High School Student Performance Estimation

Report

Introduction

The principal objective of our project is to comprehensively analyze and forecast student performances within high schools. Our aim is to investigate the intricate interconnections between students’ academic grades, their inclination toward pursuing higher education, and various pertinent variables present within the dataset. Additionally, our project seeks to develop predictive models leveraging machine learning techniques to anticipate students’ grades based on the variables within the dataset. Ultimately, our overarching ambition is to extract valuable estimations and profound insights from the dataset, illuminating the factors influencing student performance and facilitating a deeper understanding of educational outcomes.

Main Conclusion

After constructing models including a null model, random forest, support vector machine, and lasso regression to predict student scores, the root mean square error respectively are 3.09, 1.99, 2.07, and 1.43. Base on these findings, we choose our lasso regression model to make our score predict function. From this model, we identified strong predictors for predicting students’ grades. The top five most important features are no extra educational support, have family educational support, mother education, do not pay for extra classes, and have past class failures. These are the essential predictors for our lasso model to make predictions on students’ grades.

Justification of approach

The first section delves into an exploration of factors that potentially impact the final grade and the willingness toward higher education. In this phase, various elements contributing to these two factors are analyzed using ggplot to create informative plots.

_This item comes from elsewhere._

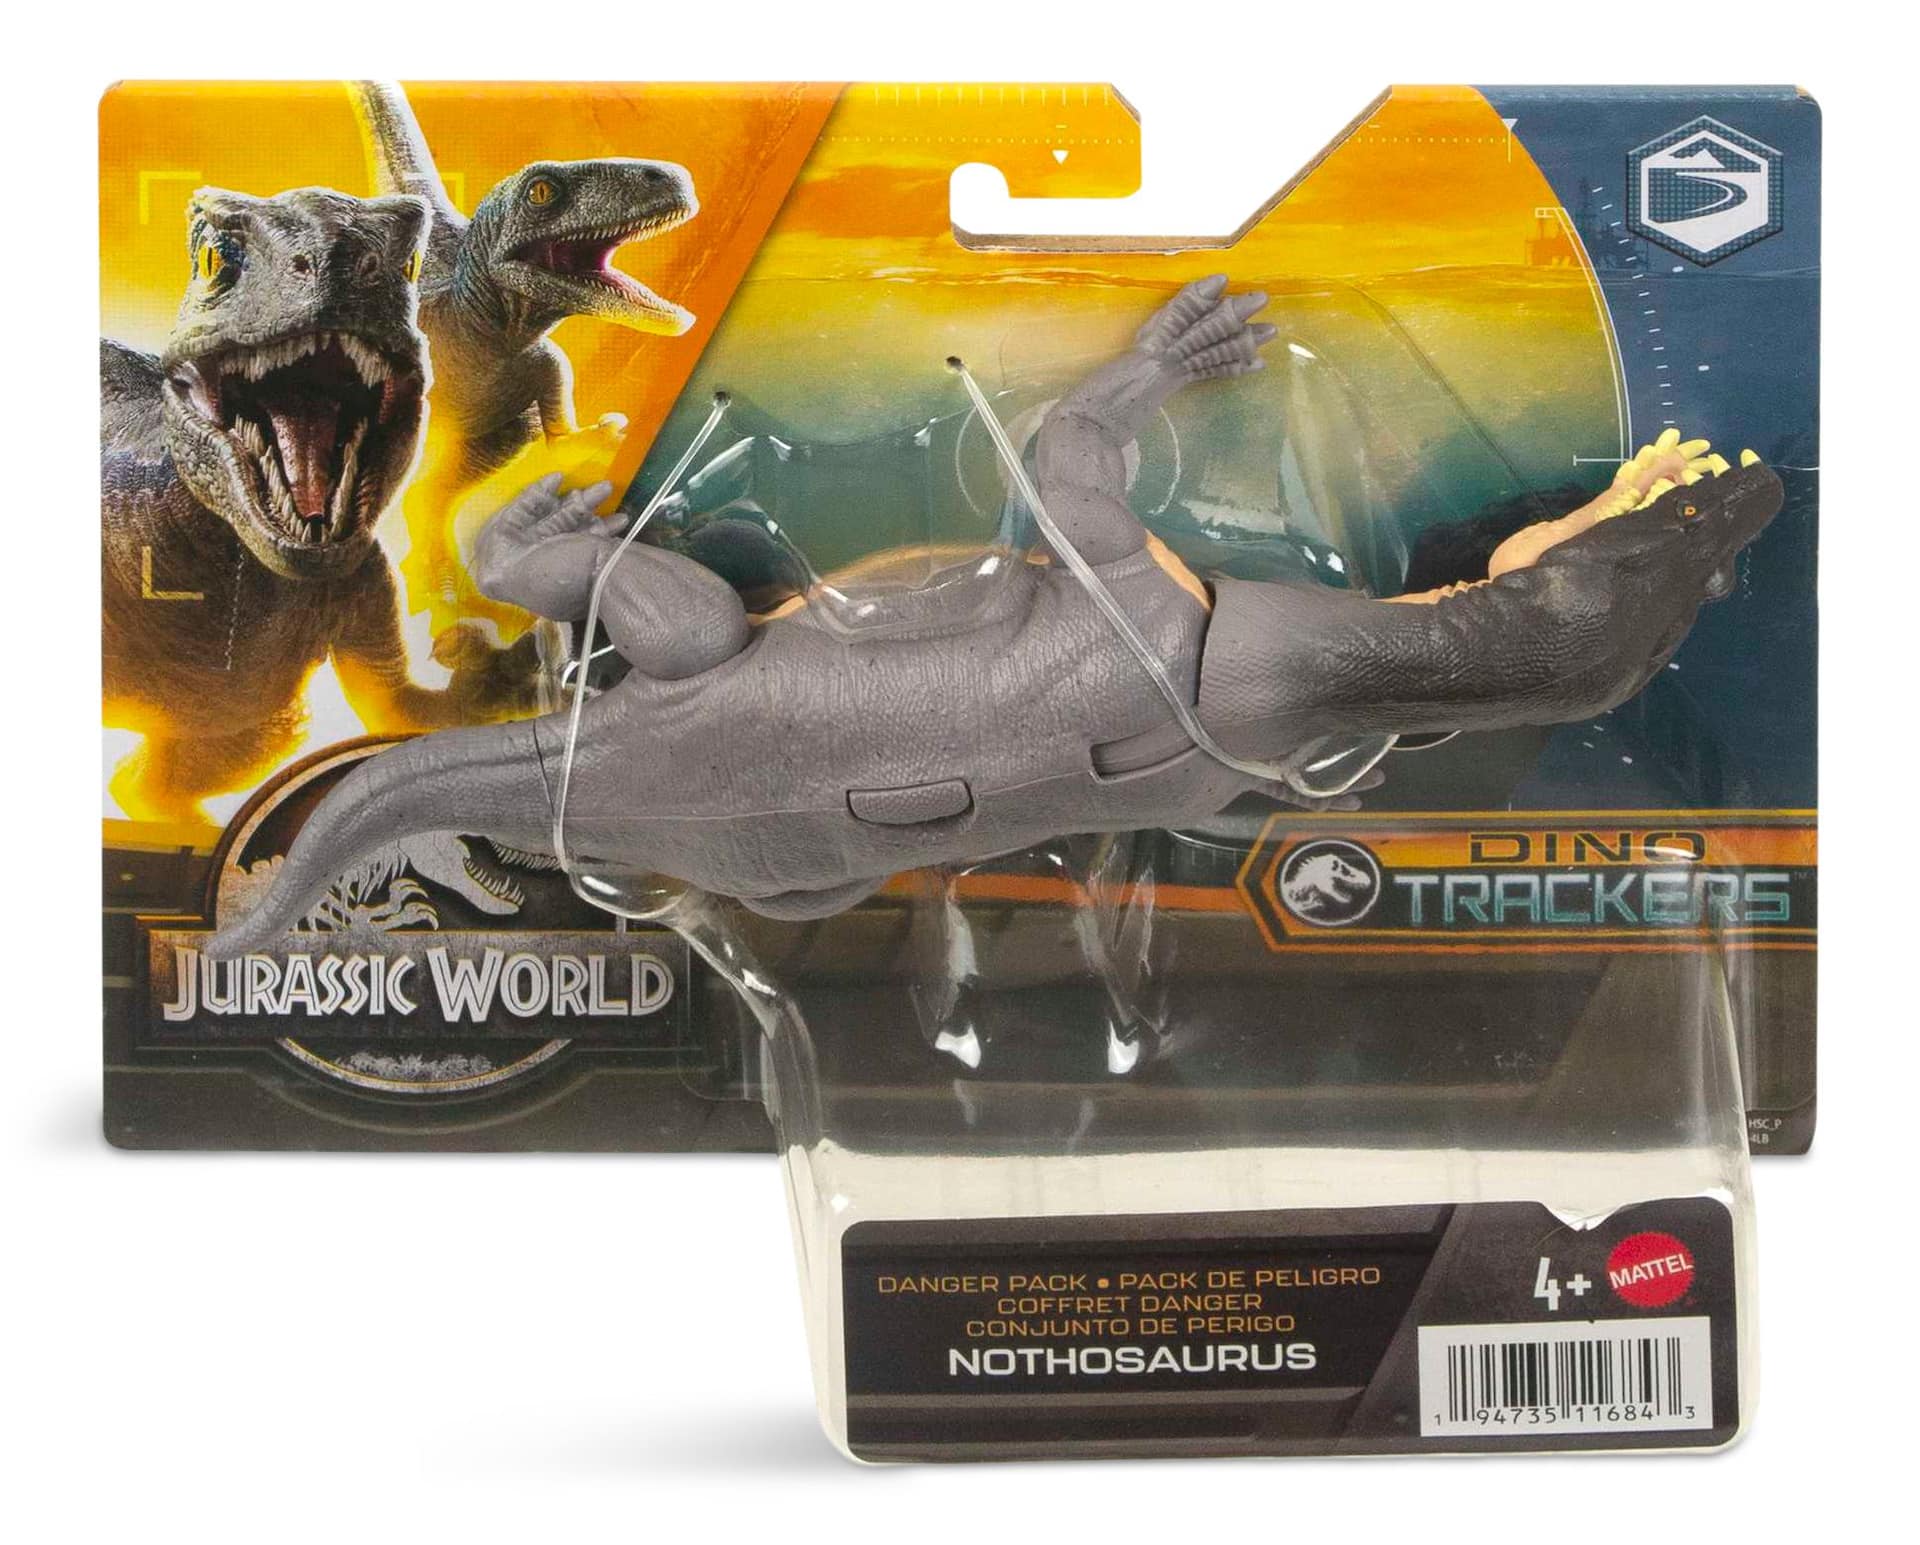 Jurassic World Danger Pack Dinosaur Action Figure, Assorted
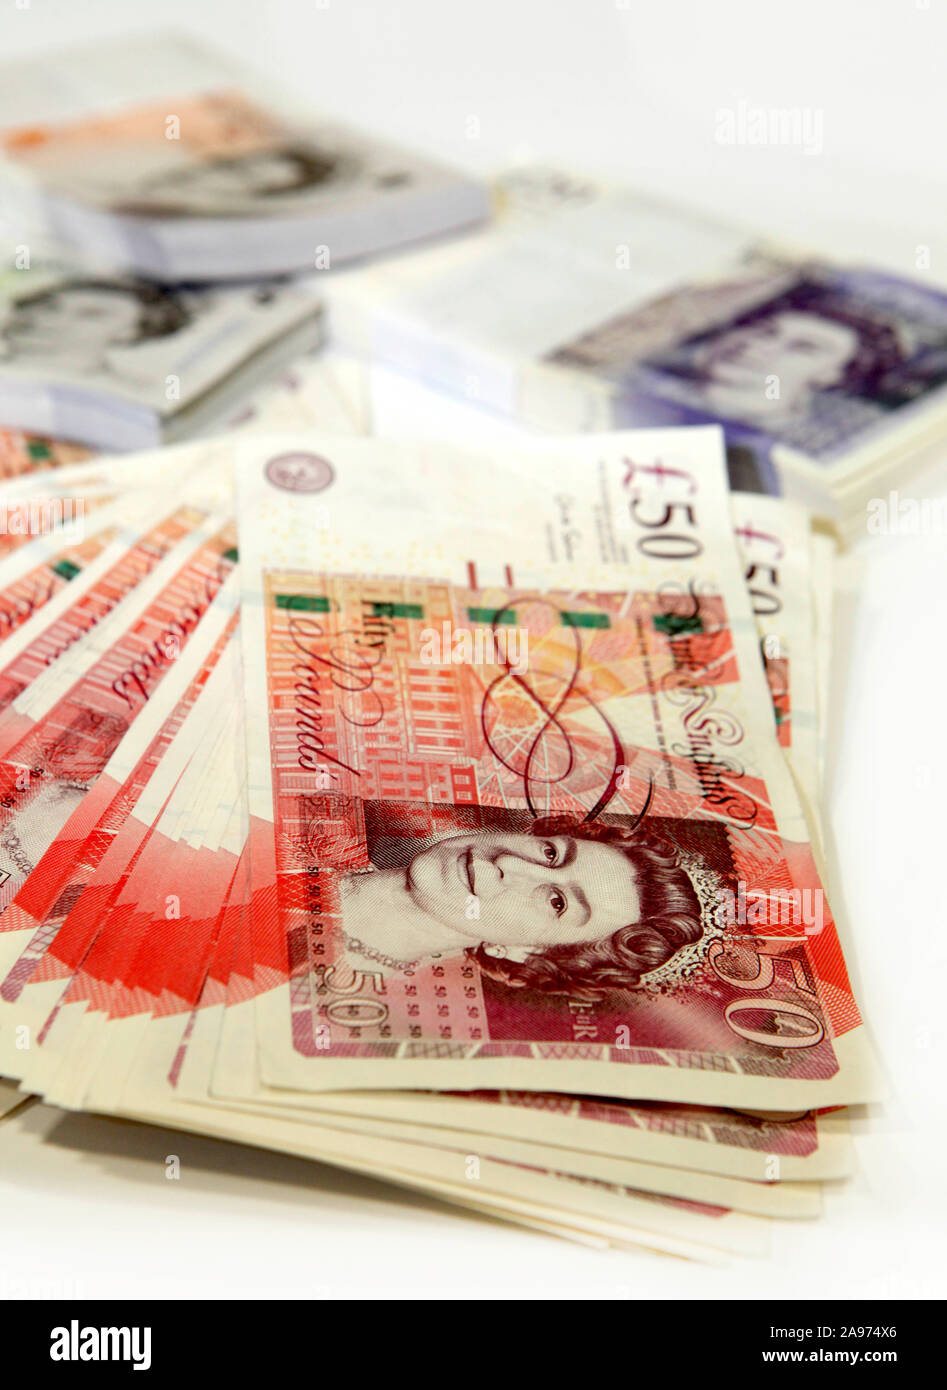 Ein großes Bündel britischer Geldscheine. Die Banknoten der Bank of England in der Stückelung 50 Pfund, 20 Pfund, 5 Pfund tragen alle das Antlitz der Stock Photo

Moving to the second part, our research utilizes null, linear regression, random forest regression, and lasso models to predict the final grade based on the identified factors. This predictive modeling aims to provide insights into forecasting student performance.

As for the intended audience, we believe the students and parents can all be benifitted from our research. Students and parents always want to know how their academic performace would be before a class start. Based on our project, they can input their information into our lasso model, and the model would predict their future grade. By understanding the factors affecting grades, parents can support their children better academically, while students may gain insights into areas of focus for improving their academic performance.

Data description

This project utilizes datasets obtained from the UC Irvine machine learning repository, containing information about student achievements in secondary education from two Portuguese schools, covering the subjects of Math and Portuguese.

For data cleaning, we merge the data set of Math students and the data set of Portuguese students, arrange the data by descending order of their final grades, and rename all the variables to names with clearer description under snake case format. More information in appendix.

  • What are the observations (rows) and the attributes (columns)?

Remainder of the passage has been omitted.